Start of Study material

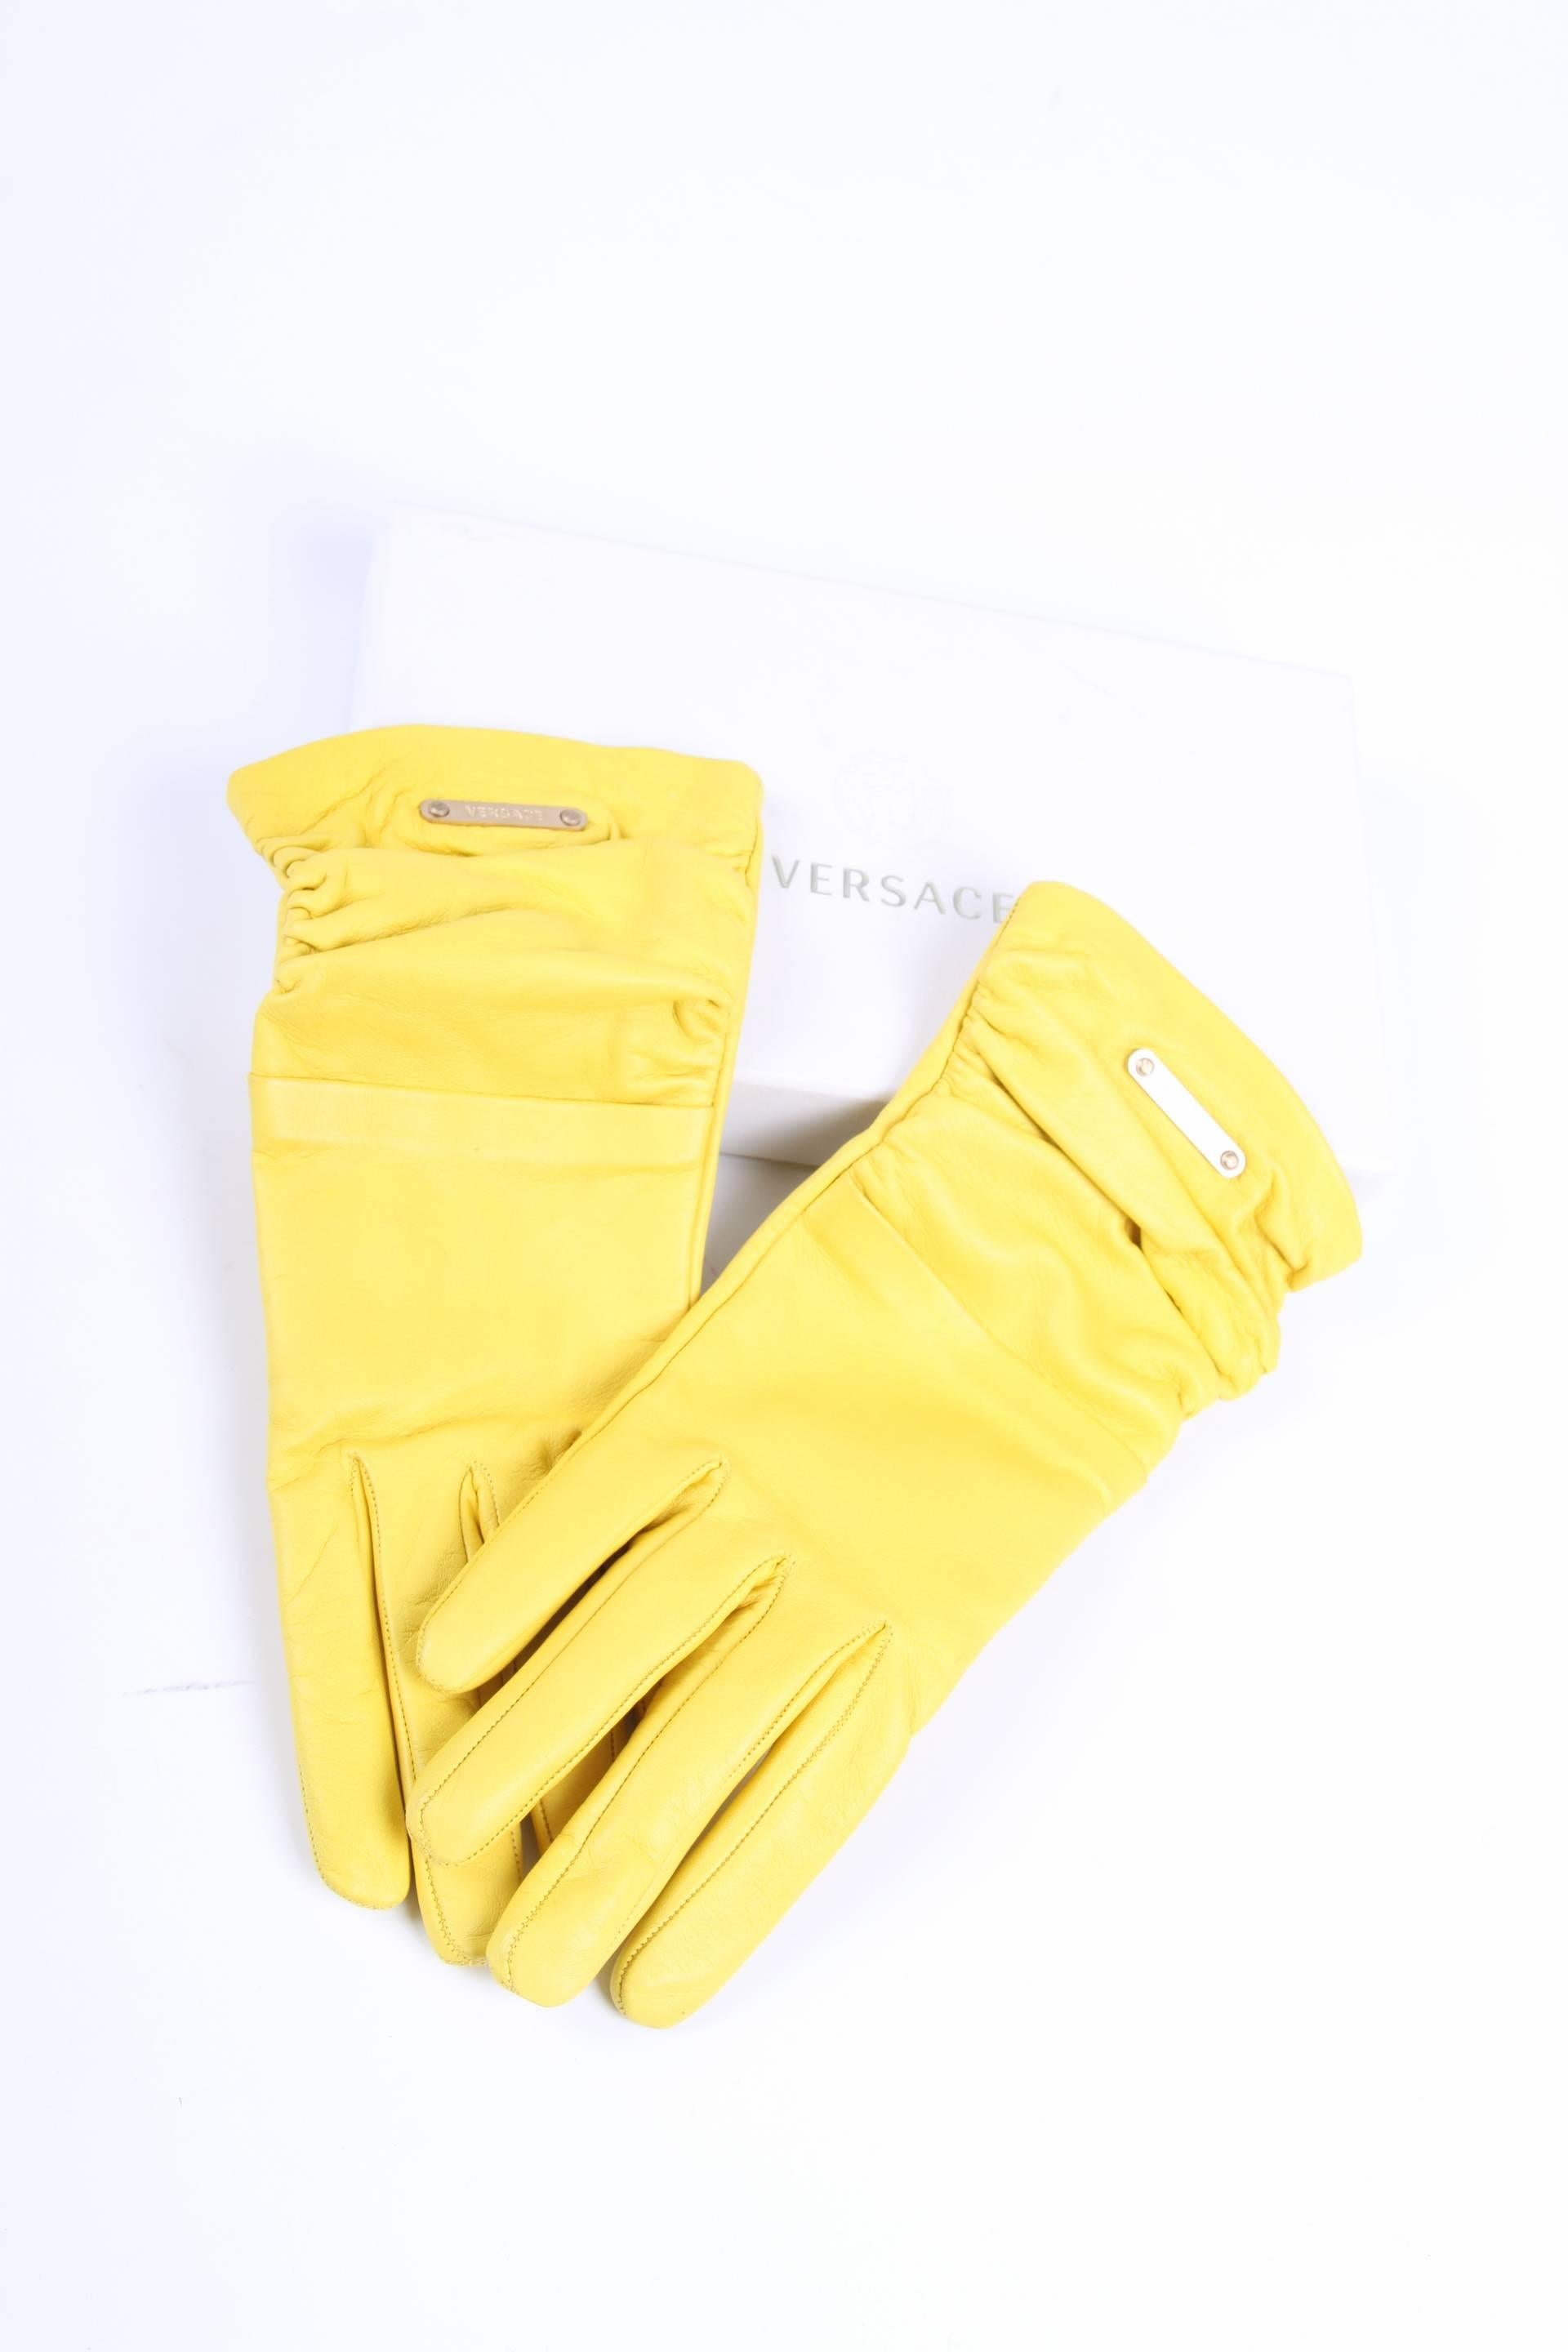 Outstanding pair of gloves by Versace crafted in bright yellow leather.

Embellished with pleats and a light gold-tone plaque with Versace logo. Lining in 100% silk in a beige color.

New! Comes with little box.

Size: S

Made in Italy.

End of Study material

- _Work instructions_
Each line above that contains the word "with" must be copied.

- _Solution_
Embellished with pleats and a light gold-tone plaque with Versace logo. Lining in 100% silk in a beige color.
New! Comes with little box.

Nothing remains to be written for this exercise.